In general, in data assimilation, errors are assumed to be Gaussian. The most fundamental justification for assuming Gaussian errors, which is entirely pragmatic, is the relative simplicity and ease of implementation of statistical linear estimation under these conditions. Because Gaussian probability distribution functions are fully determined by their mean and variance, the solution of the data assimilation problem becomes computationally practical. Note that the assumption of a Gaussian distribution is often not justified in land data assimilation applications.

Typically, there are biases between different observations, and between observations and model (see, e.g., Ménard 2010). These biases are spatially and temporally varying, and it is a major challenge to estimate and correct them. Despite this, and mainly for pragmatic reasons, in data assimilation it is often assumed that errors are unbiased. For NWP many assimilation schemes now incorporate a bias correction, and various techniques have been developed to correct observations to remove biases (e.g., Dee 2005); these methods are now being applied to land data assimilation (De Lannoy et al. 2007a, b).

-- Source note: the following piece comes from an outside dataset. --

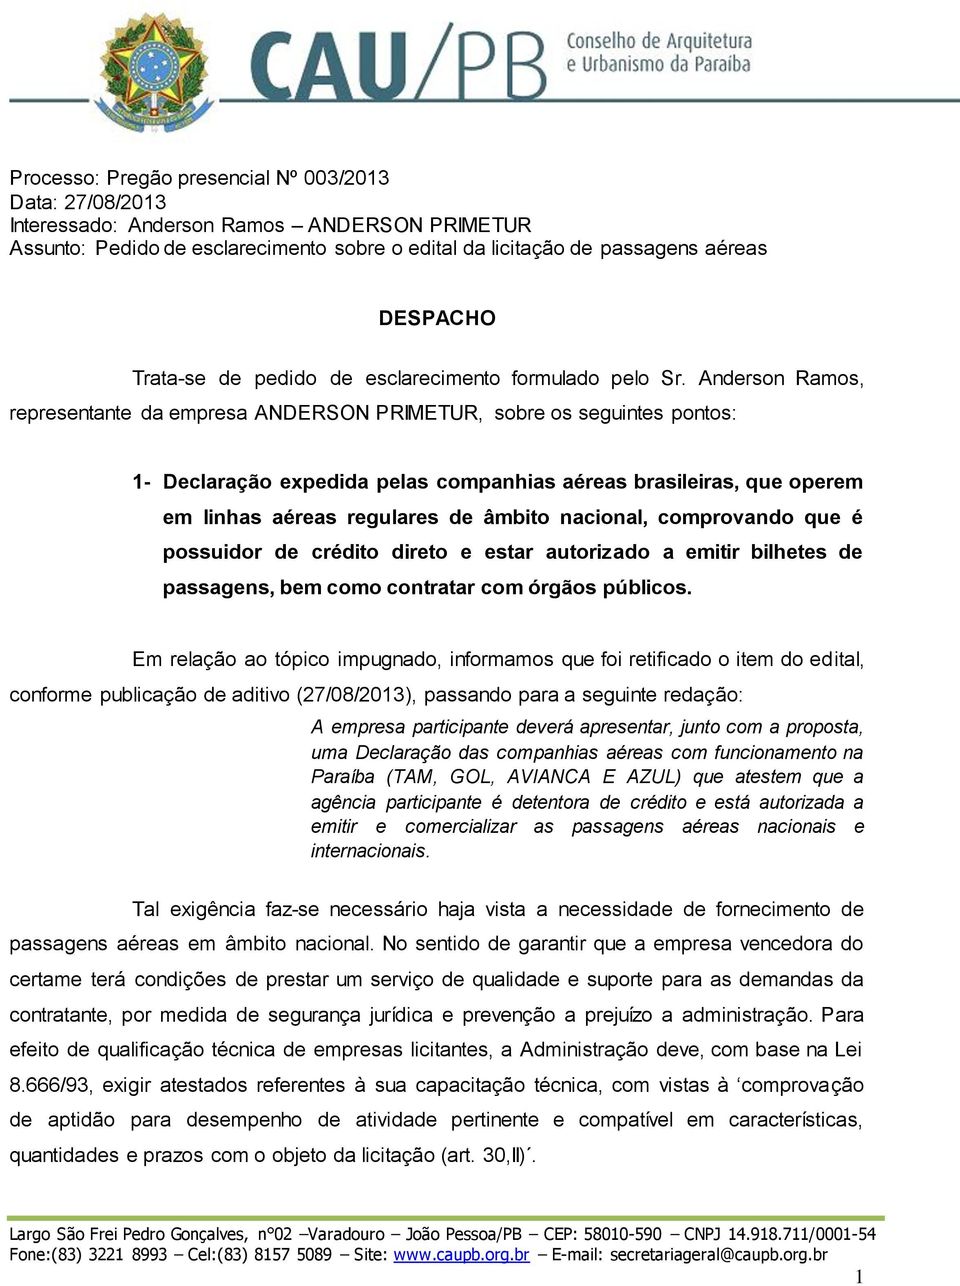 Anderson Ramos, representante da empresa ANDERSON PRIMETUR, sobre os seguintes pontos: 1- Declaração expedida pelas companhias aéreas brasileiras, que operem em linhas aéreas regulares de âmbito

4.4 Advantages and Disadvantages of Assimilation Methods

The feasibility of 4D-Var has been demonstrated in NWP systems (see, e.g., Simmons and Hollingsworth 2002). Its main advantage is that it considers observations over a time window that is generally much longer than the model time step, that is, it is a smoothing algorithm. This allows more observations to constrain the system and, considering satellite coverage, increases the geographical area influenced by the data. For nonlinear systems (as is generally the case for the land surface), this feature of 4D-Var, together with the non-diagonal nature of the adjoint operator which transfers information from observed regions to unobserved regions, reduces the weight of the background error covariance matrix in the final 4D-Var analysis compared to the KF analysis (for linear systems, the general equivalence between 4D-Var and the KF implies that the same weight is given to all data in both systems).

In contrast to the above advantages of 4D-Var, three weaknesses must be mentioned. First, its numerical cost is very high compared to approximate versions of the KF or ensemble methods. Second, its formalism cannot determine the analysis error directly; rather, it has to be computed from the inverse of the Hessian matrix (again, this procedure is prohibitive in both computation time and memory). Finally, its formalism requires the calculation of the adjoint model, which is time-consuming and may be difficult for a system such as the land surface which exhibits nonlinearities and on–off processes (e.g., presence or lack of snow).

The EKF is capable of handling some departure from Gaussian distributions of model errors and nonlinearity of the model operator. However, if the model becomes too nonlinear or the errors become highly skewed or non-Gaussian, the trajectories computed by the EKF will become inaccurate.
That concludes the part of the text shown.